## EXTRACTED ENTRIES
>>>>

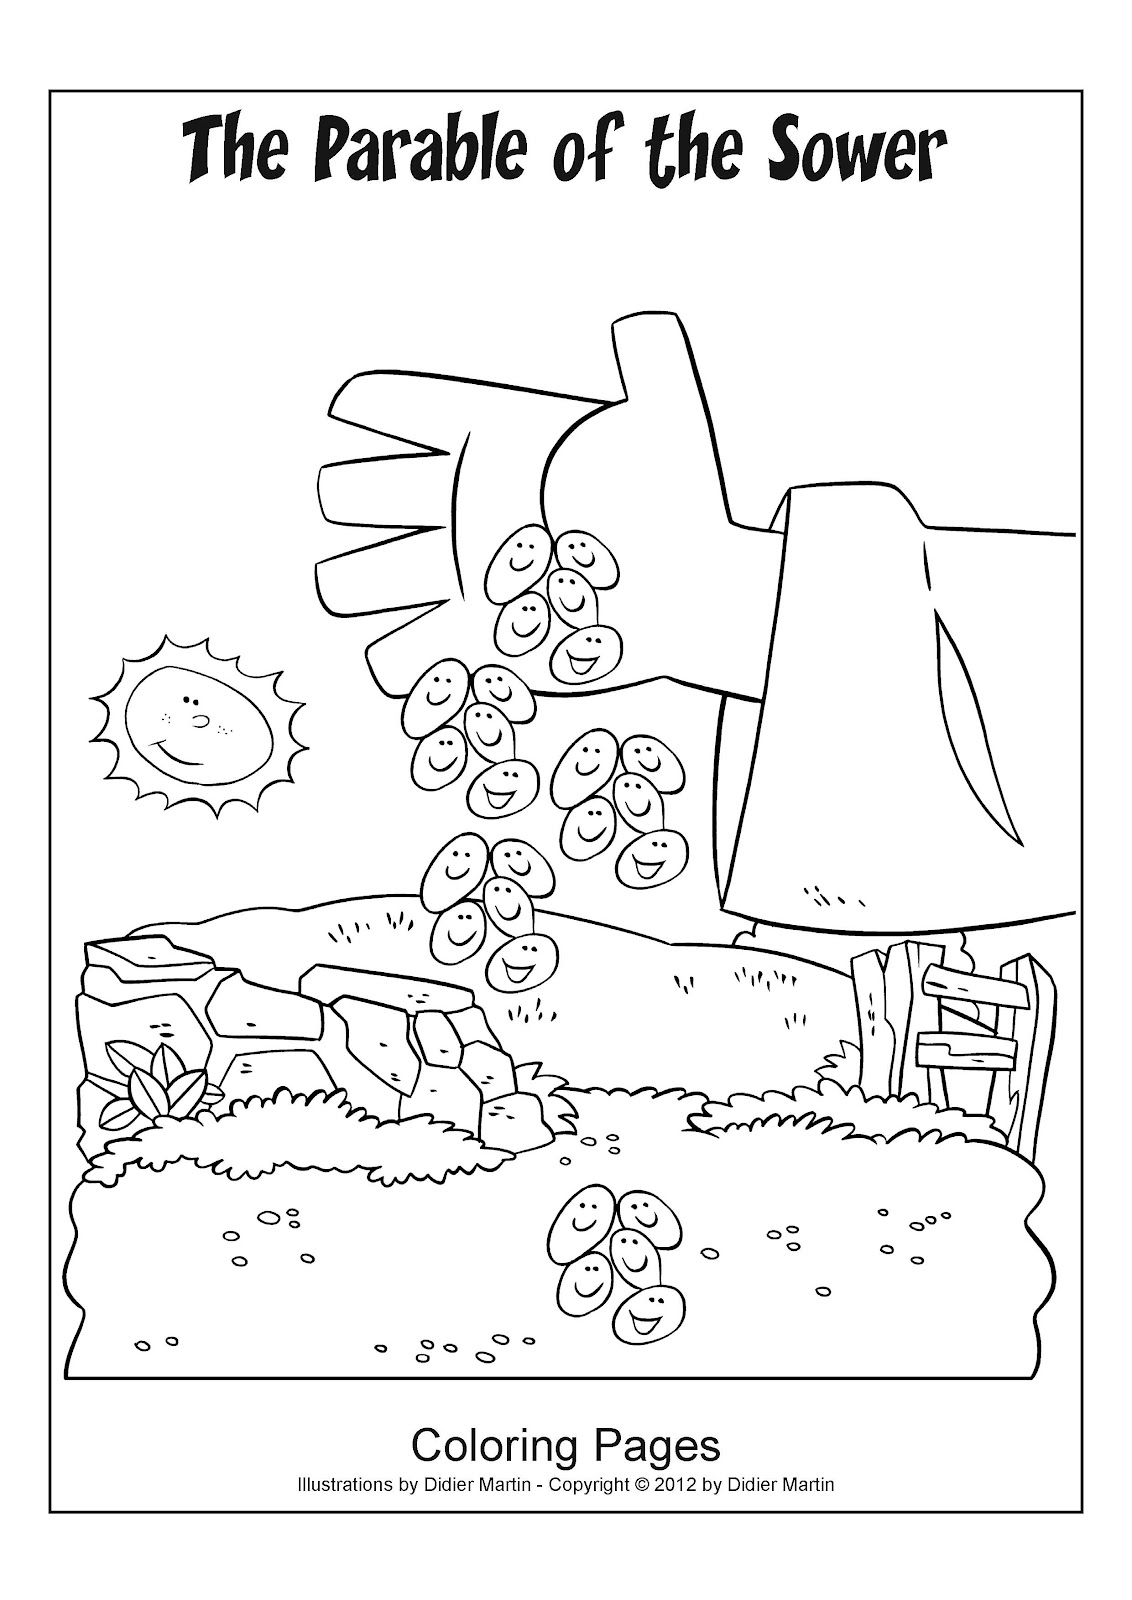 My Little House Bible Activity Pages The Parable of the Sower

<<<<
>>>>

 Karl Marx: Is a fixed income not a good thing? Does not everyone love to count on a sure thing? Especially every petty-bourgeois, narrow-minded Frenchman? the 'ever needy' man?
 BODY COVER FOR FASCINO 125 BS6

<<<<

## WHAT TO PRODUCE
Above are the records. Copy the lines beginning at the one that has "Karl Marx: Is" and ending with the one that has "BODY COVER FOR FASCINO 125 BS6", unchanged.

## SOLUTION TO THIS PROBLEM
 Karl Marx: Is a fixed income not a good thing? Does not everyone love to count on a sure thing? Especially every petty-bourgeois, narrow-minded Frenchman? the 'ever needy' man?
 BODY COVER FOR FASCINO 125 BS6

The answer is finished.